> [PROMPT] Print the data exactly as written, line for line, and leave its pictures behind.

[DATA — start]

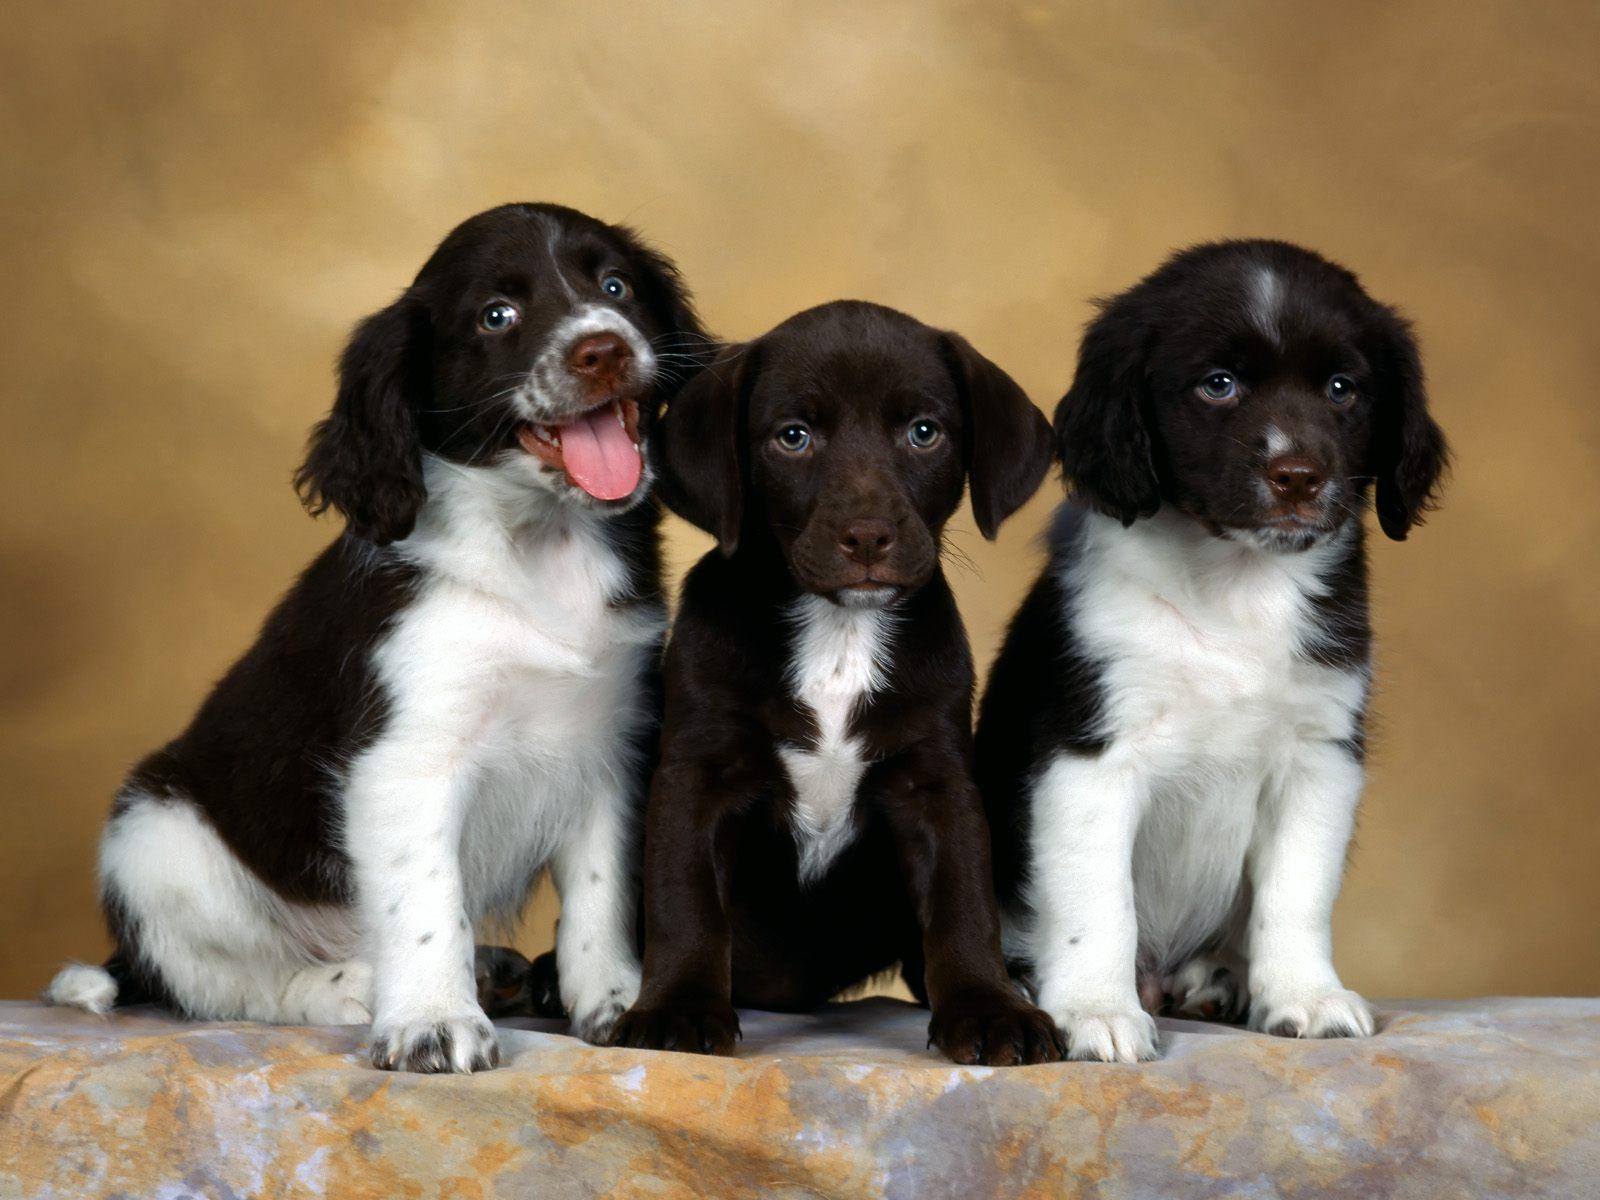 Three English Springer Spaniel puppies wallpaper
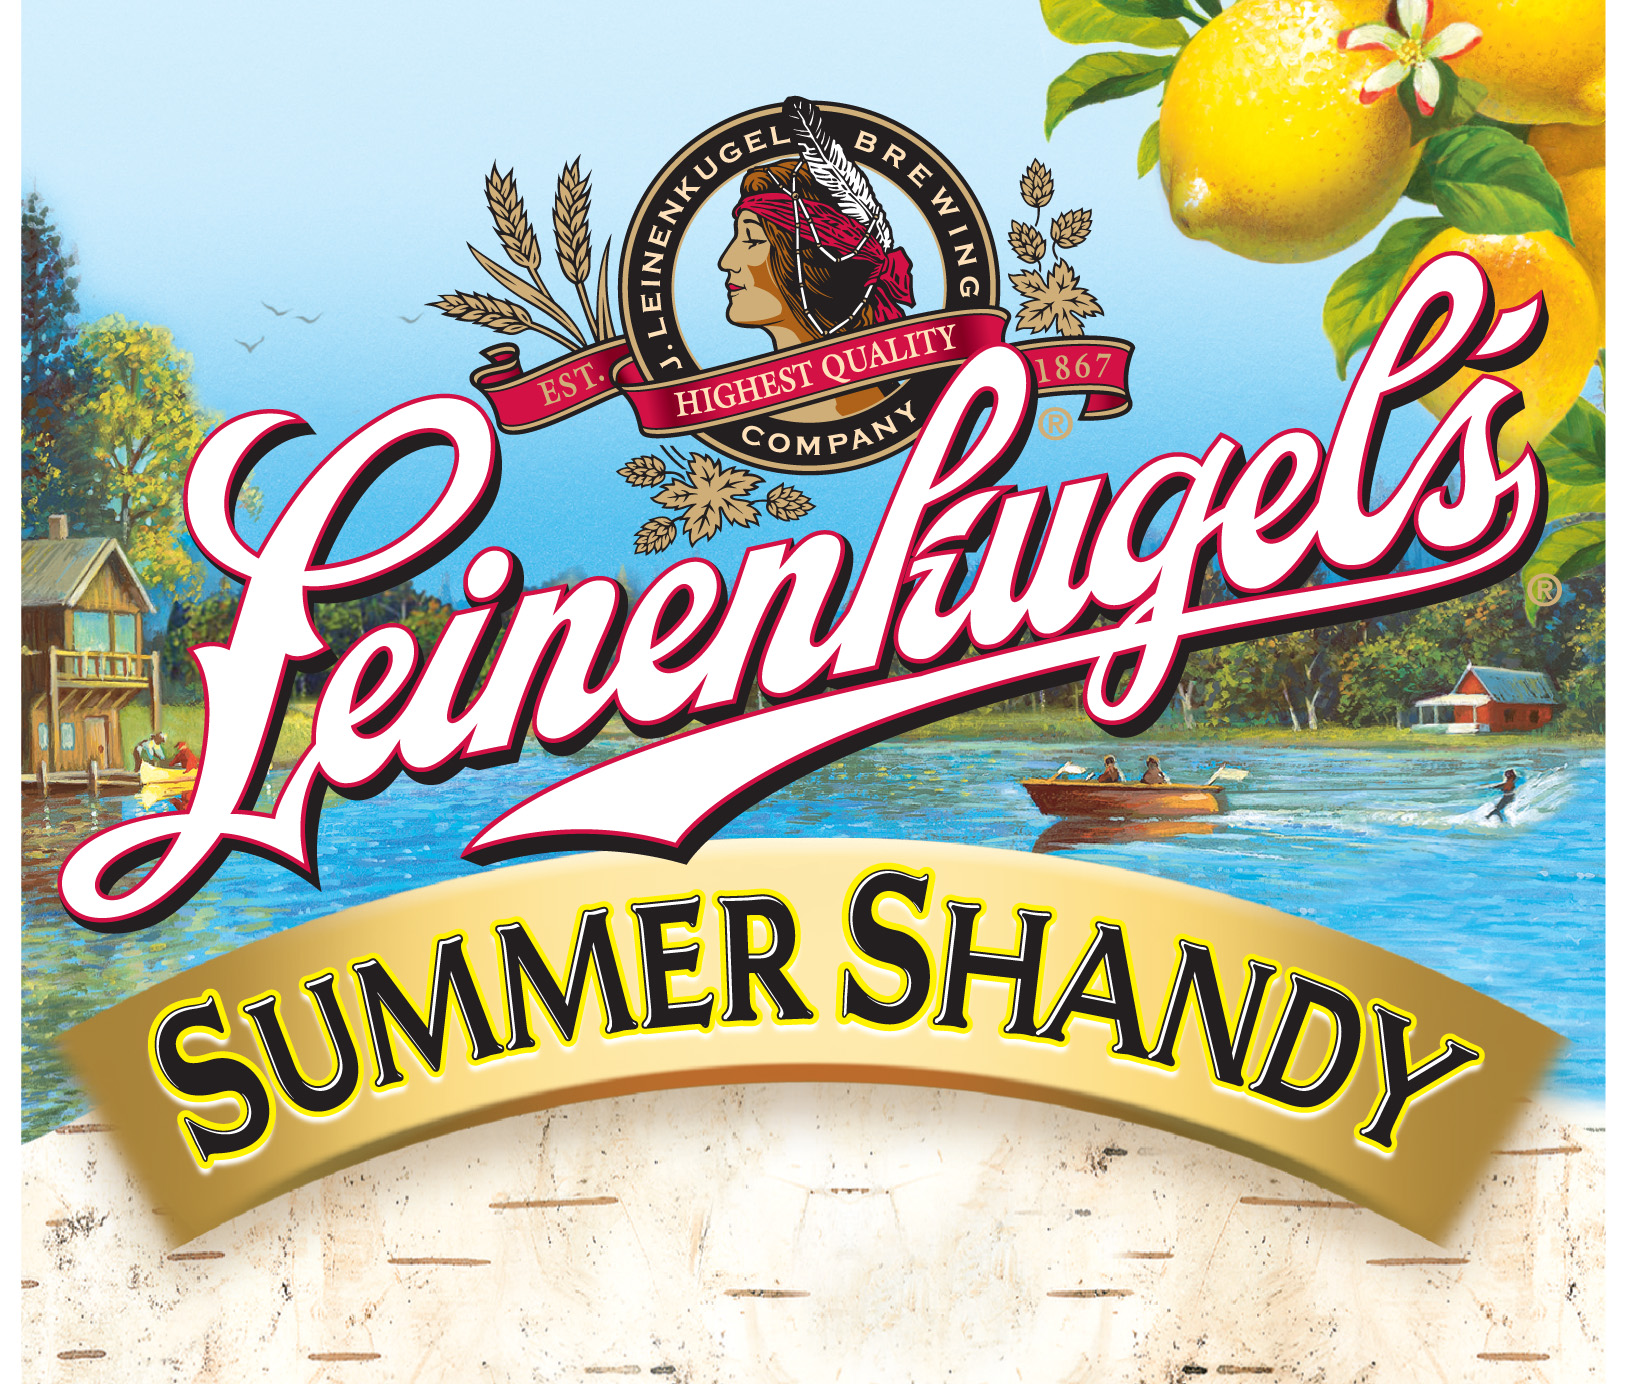 Where to buy leinenkugel s grapefruit shandy - Ranking The 2014 Shandy Beers
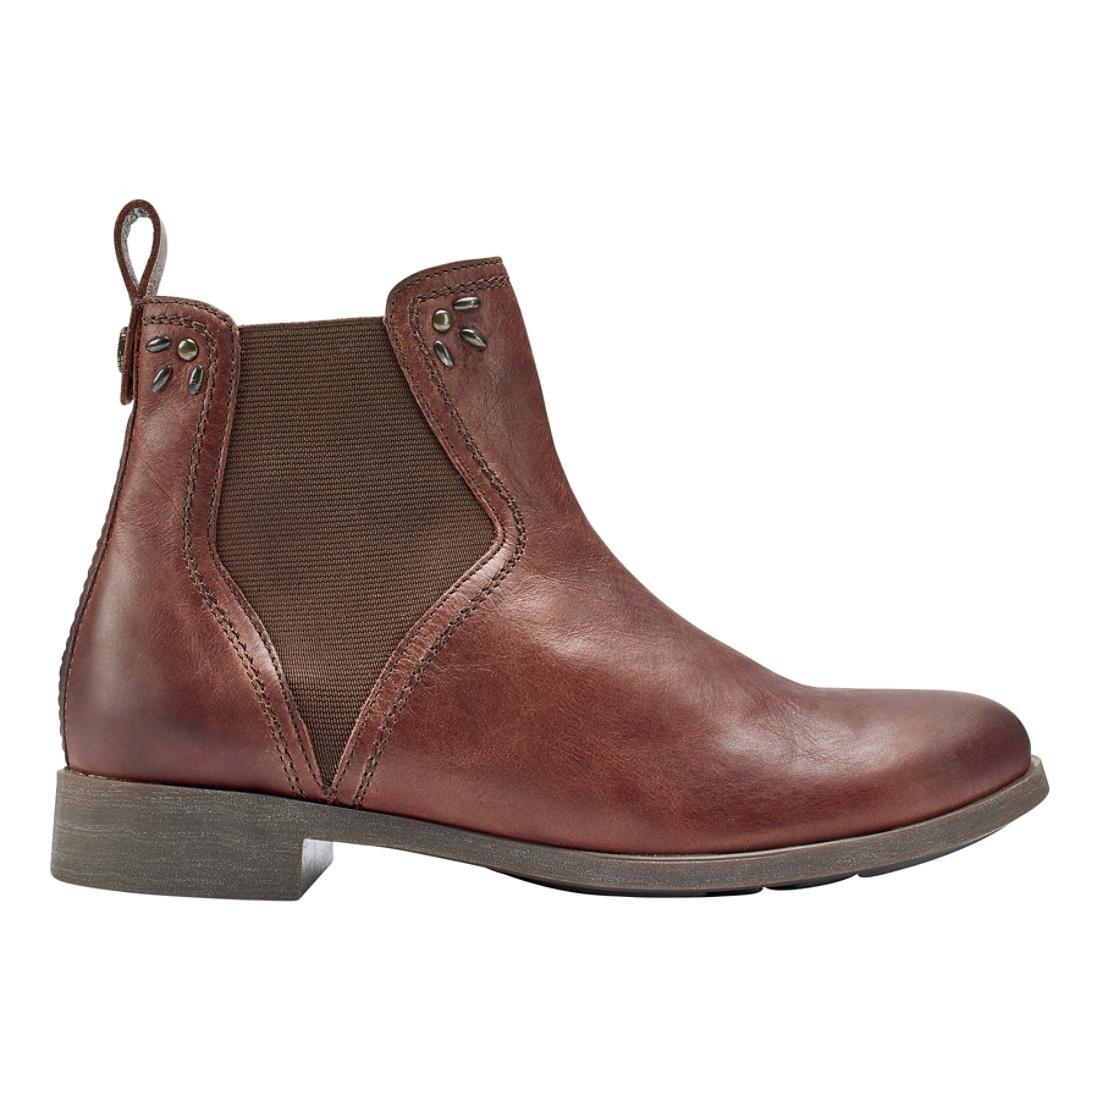 OLUKAI Kualona - Women's Slip-on Comfort Boot B01N6GVEOF 7.5 B(M) US|Friar Brown

[DATA — finish]

> [RESULT]
 Three English Springer Spaniel puppies wallpaper
 Where to buy leinenkugel s grapefruit shandy - Ranking The 2014 Shandy Beers
 OLUKAI Kualona - Women's Slip-on Comfort Boot B01N6GVEOF 7.5 B(M) US|Friar Brown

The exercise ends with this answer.